There's no build system hell. You do go mod init when setting up a project and then go build Just Works.

Compiler red tape

My only criticism related to tooling. The compiler won't compile a program with an unused import or variable (although it does allow unused functions, function parameters, and global variables). It's great to have the compiler warn us about these things, but preventing us from compiling it is just absurd. All the time in debugging I comment something out and it results in an unused variable or import, and Go refuses to compile. Ugh... gotta go back into the source and comment out the declaration too.

The Go FAQ actually address this:

First, if it's worth complaining about, it's worth fixing in the code. (And if it's not worth fixing, it's not worth mentioning.) Second, having the compiler generate warnings encourages the implementation to warn about weak cases that can make compilation noisy, masking real errors that should be fixed.

This reasoning is so obviously wrong it's hard to believe it's sincere. Yes, it is worth fixing, which is why I didn't git add! It's not worth delaying my test and forcing me to fix code that will never be run outside of this test so that it takes me longer to get the final commit ready and fixed. This justification is written as if debugging isn't a thing.

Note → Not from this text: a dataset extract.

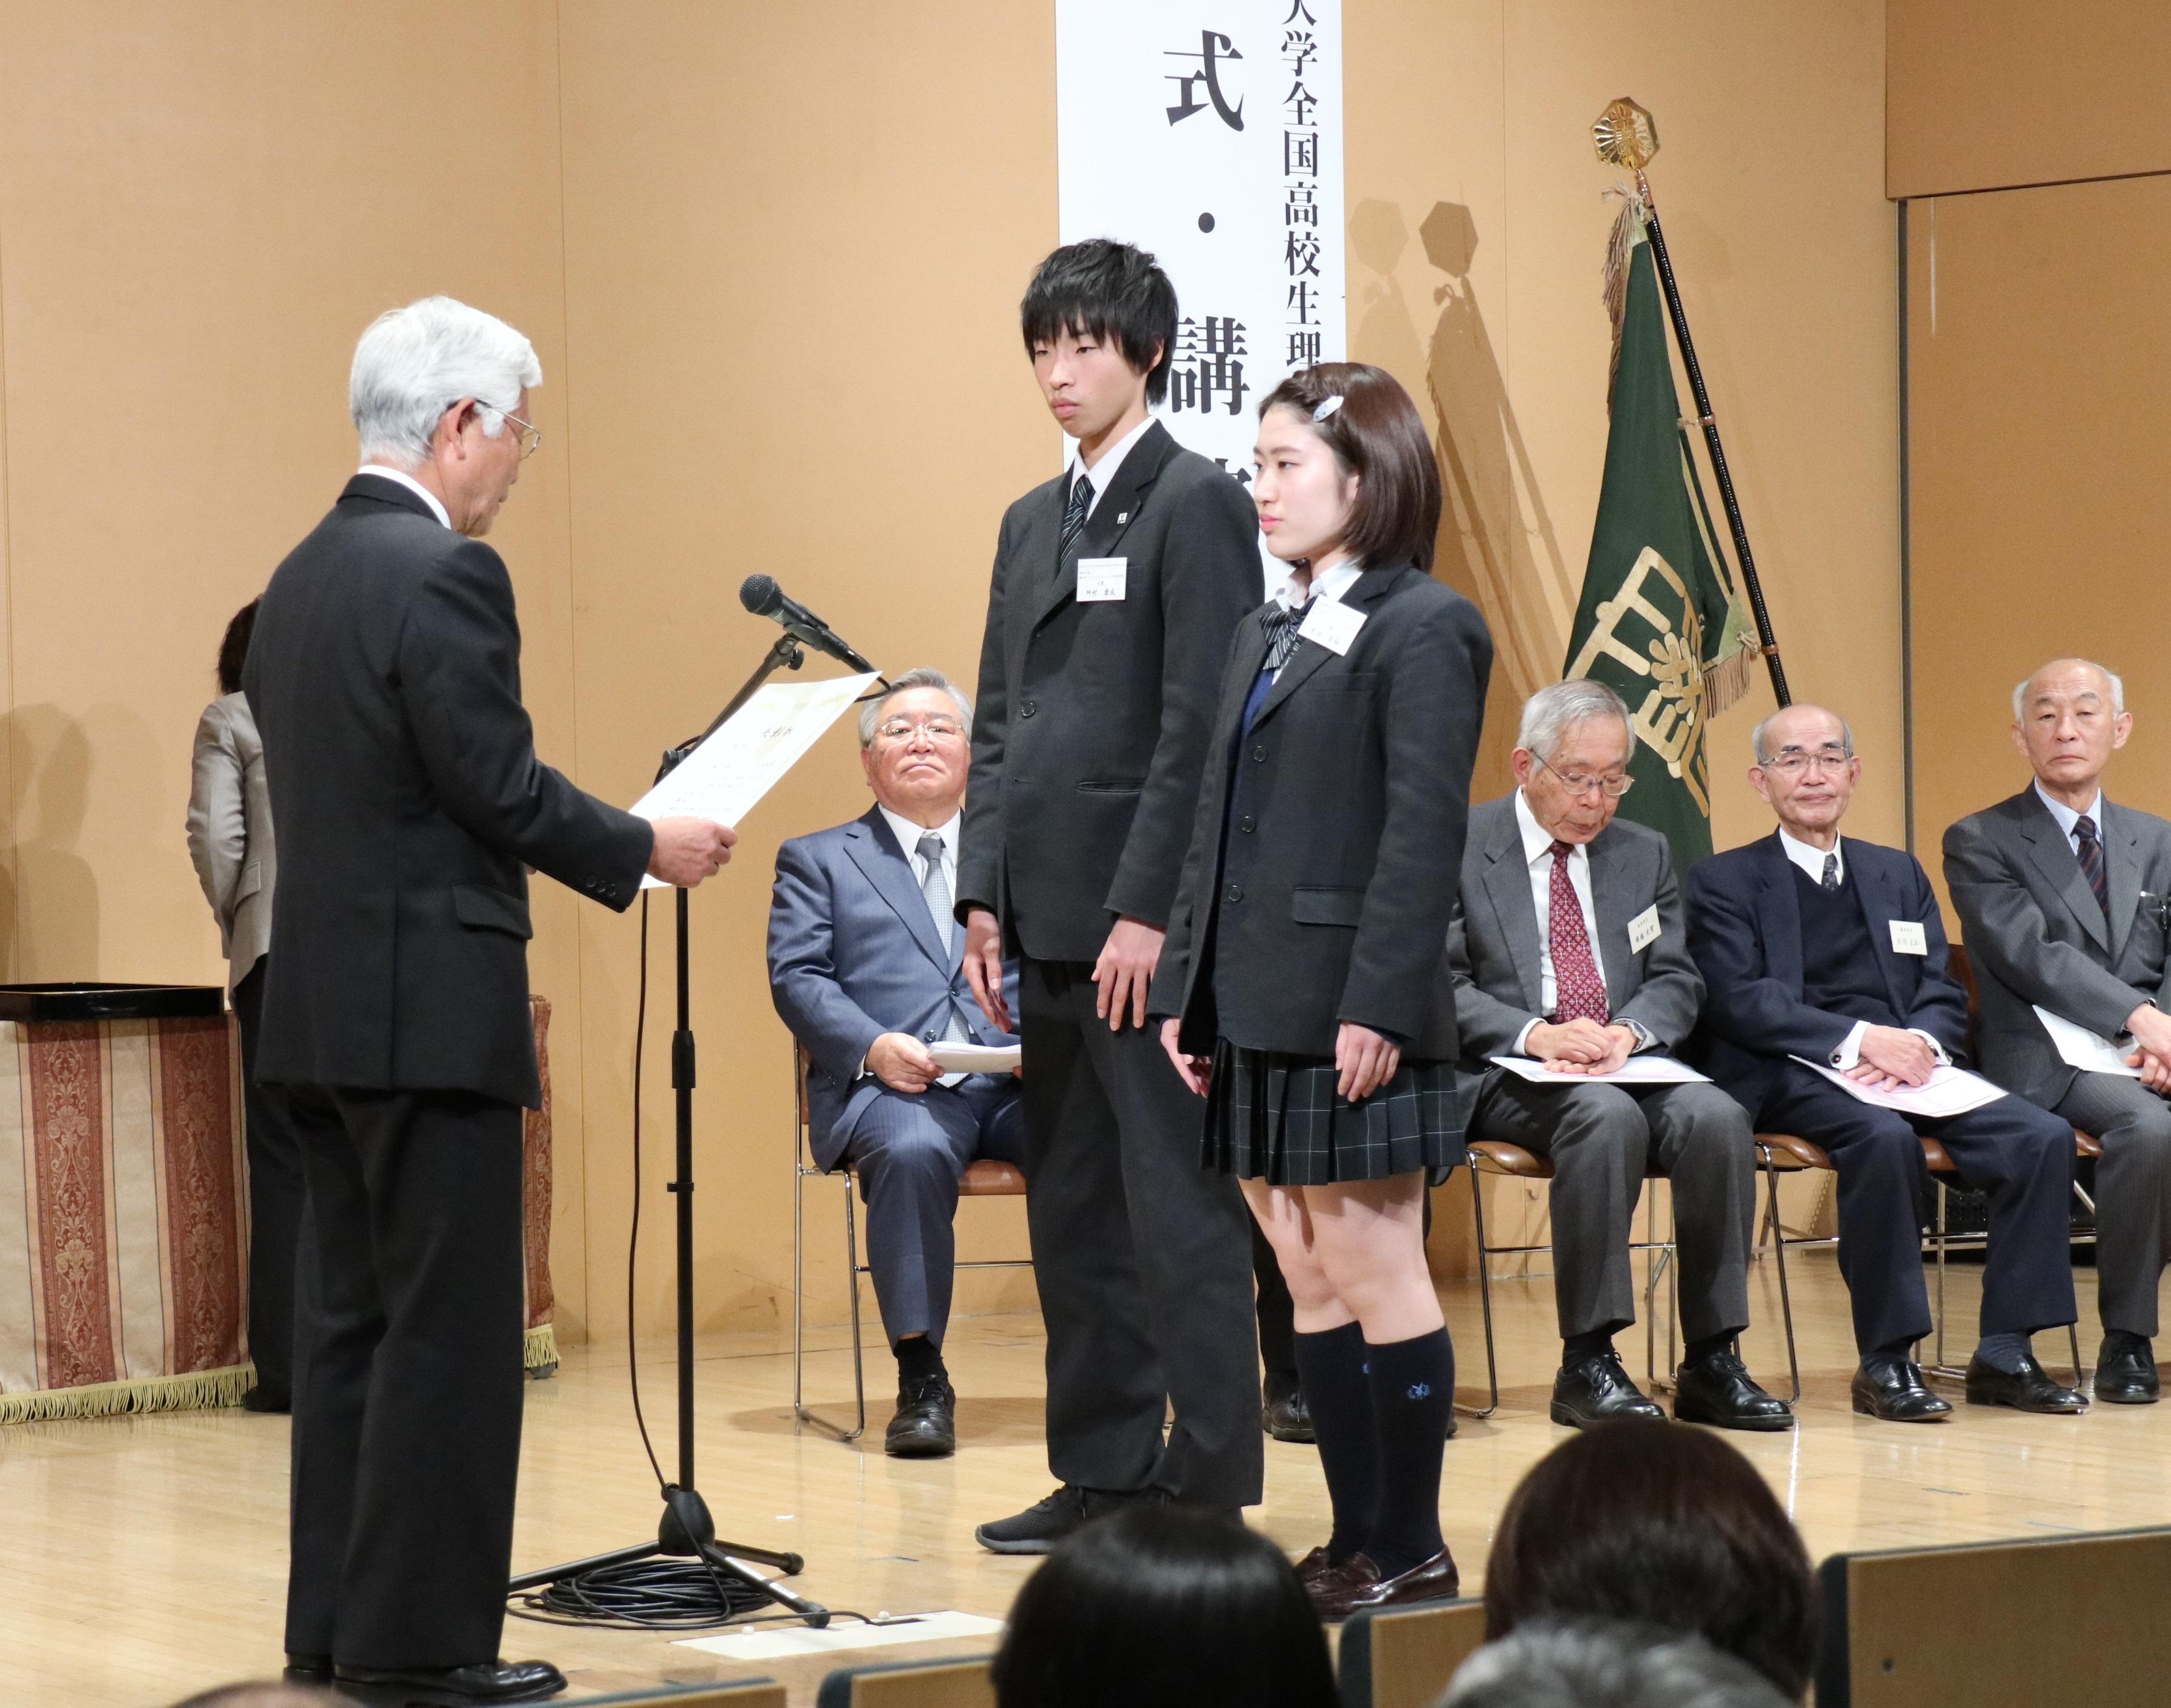 神奈川大学が、先端科学者と未来の科学者との知の交流の場である「第16回神奈川大学全国高校生理科・科学論文大賞 講演会・授賞式」を開催
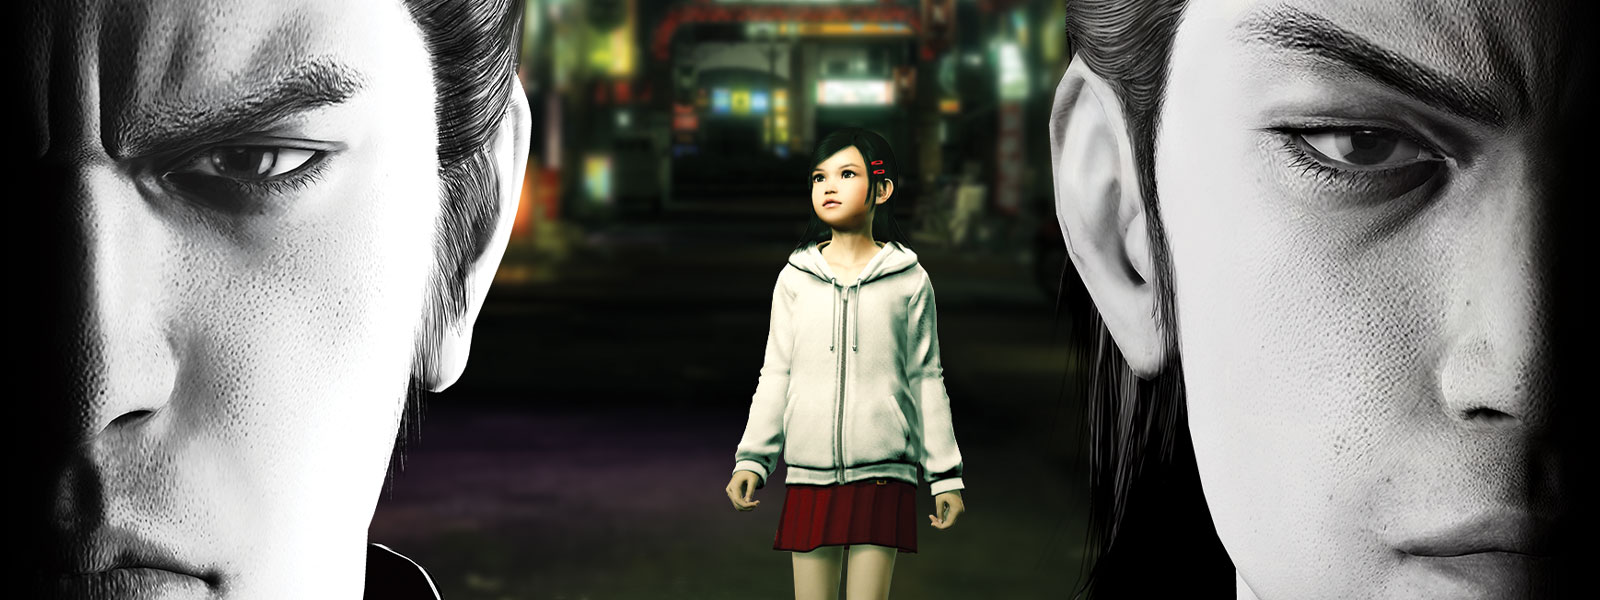 Dvě postavy Yakuzy zírají těžce dopředu, zatímco ve městě za nimi stojí malá holčička.

And their point about "encourages the implementation to warn about weak cases..."? Arguing that the language spec should treat unused code as fatal errors because treating it as non-fatal will lead to people writing Go compilers that will output so much unimportant noise that the unused code warnings will get ignored is such an insane stretch that you might as well say Go shouldn't allow programs to log to stderr unless they're crashing because that will lead to people writing programs that generate so much log volume that important stuff will get ignored.

Compilers are for verifying that code works and making it executable; linters are for things like this. In fact, go vet comes with Go and does this exact thing.

Documentation

Go has the best documentation of any language I've seen, as well as the most sophisticated CLI tool for generating and viewing it. For example I can view the source of a symbol in a library using go doc -src, without having to go find the source myself; that's a feature I haven't seen in other languages' equivalents.

Stdlib and ecosystem

Go has been around for less than half as long as Python, but its standard library and ecosystem seem to be almost if not equally vast. You pretty much can't find anything there isn't a Go library for. The community is also pretty good at documentation their packages.



My final opinion of Go is fairly negative. The error-handling is pretty much a deal breaker for me; I'd even rather use dynamic typing. But it has several advantages over each of the other languages I know. I could see myself choosing it someday for something concurrency-heavy.